MICHEL MARTIN, CONTRIBUTOR: Thanks, Christiane. Tim Shenk, thank you so much for talking with us.

TIMOTHY SHENK, AUTHOR, “LEFT ADRIFT”: Thank you for having me.

MARTIN: So, your book is very much an argument against what you see as the prevailing narrative about the direction of the Democratic Party. So, just to get us started, would you tell us what you think that dominant narrative is? And then, I’m going to ask you obviously why you think it’s wrong.

SHENK: So, the core understanding of how Democrats got to where they are today, which is a party that does really well with educated professionals and often with poor voters, but struggles with the working and lower middle class. I think that the core story often argues that this happened sort of loss of support with working class voters took place because Democrats wanted it to, that somewhere in the ’60s or ’70s that Democrats win it all in on the pursuit of affluent college educated suburbanites, and that therefore, today, they’re almost being punished for their sins. And that’s a story that, to me, made a lot of sense before I started digging into the research for this book, but that started to fall apart almost right away.
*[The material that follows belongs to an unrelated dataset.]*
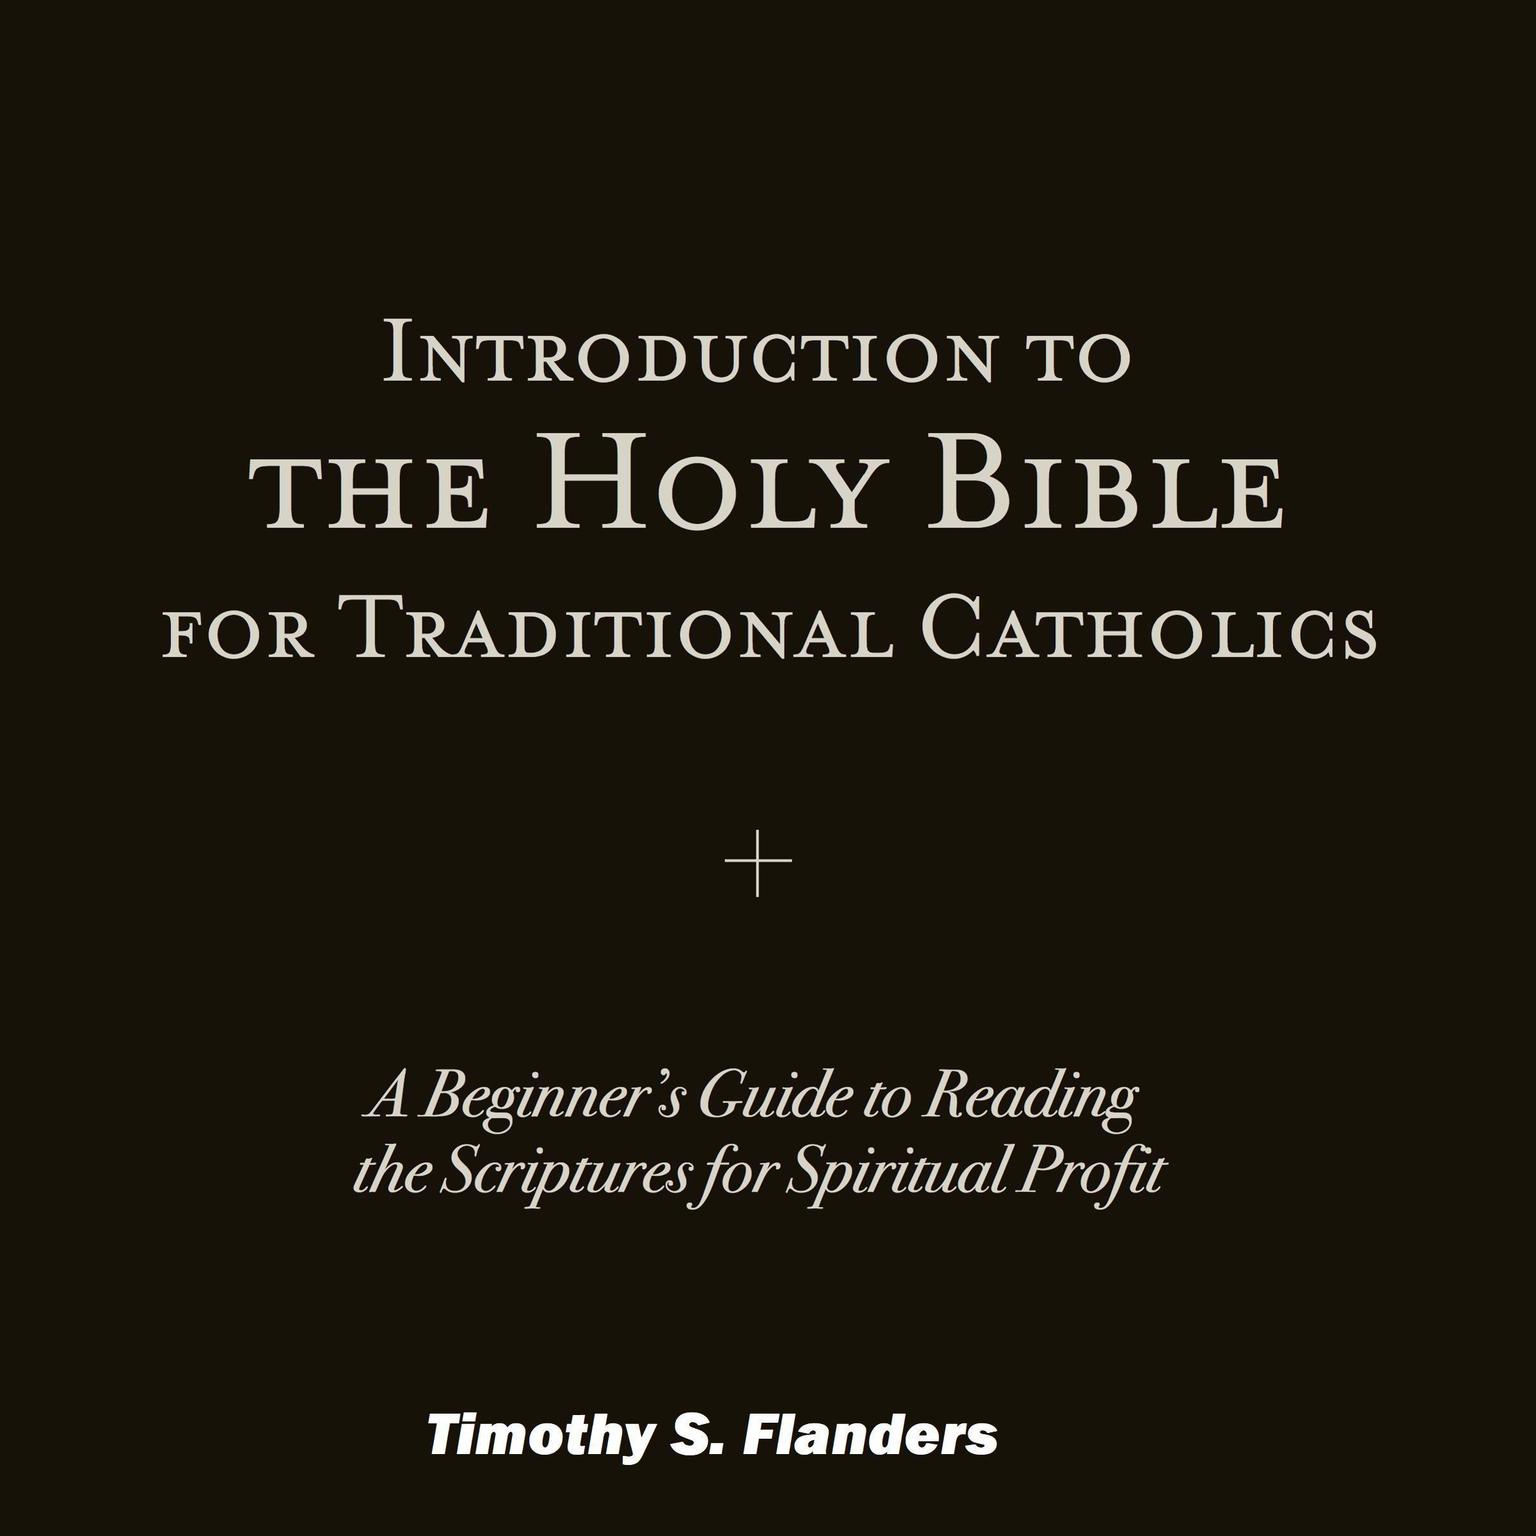 Introduction to the Holy Bible for Traditional Catholics Audiobook, by Timothy S. Flanders

MARTIN: OK. So, what do you think is right? If that’s wrong, what is correct in your view?

SHENK: What I found — and really the characters who the book focuses on, are Stan Greenberg and Doug Schoen, who are both political advisers at the upper levels of the Democratic Party, and both of them were advisers especially to Bill Clinton during his two presidential campaigns. Now, Greenberg and Schoen might not be exactly household names, but their partners are. So, for Greenberg, it’s James Carville. The two of them work together for the first time on Clinton’s ’92 campaign, then go into business after that. And for Schoen, it’s Mark Penn, who — they were longtime partners, Penn and Schoen, they go into Clinton together. And then, Penn really becomes a celebrity figure after Clinton’s ’96 campaign. Now, the useful thing about Greenberg and Schoen is that in addition being strategists, they were also academics, or at least they both wrote doctoral dissertations that come out in the ’60s and the ’70s that are looking at struggles with working class voters that Democrats and other center left parties like Labour in the U.K. were looking at those struggles taking place in real-time. And they come up with theories to explain what’s happening, big picture explanations of the type that you don’t normally get from consultants. Now, Greenberg and Schoen disagreed about a lot of things, and the book is to an extent about their disagreement, but one area where they did converge was the sense that, coming out of the 1960s with the rise of a whole host of culturally polarized, really divisive social issues moving into the center of politics, that this put Democrats in a really awkward position with a lot of their historic base in the working class. And neither of them took working class support for granted. In fact, they thought that would be essential for Democrats to win. So, the fact that these advisers to Bill Clinton, who’s often cast as the key figure in this neoliberal transformation of the Democratic Party, the fact that his key strategists are saying no, no, no, working class voters are really crucial, to me, this indicated that something a lot more complicated than just Democrats say farewell to the working class. Therefore, they lose working class votes. Something more complicated was going on.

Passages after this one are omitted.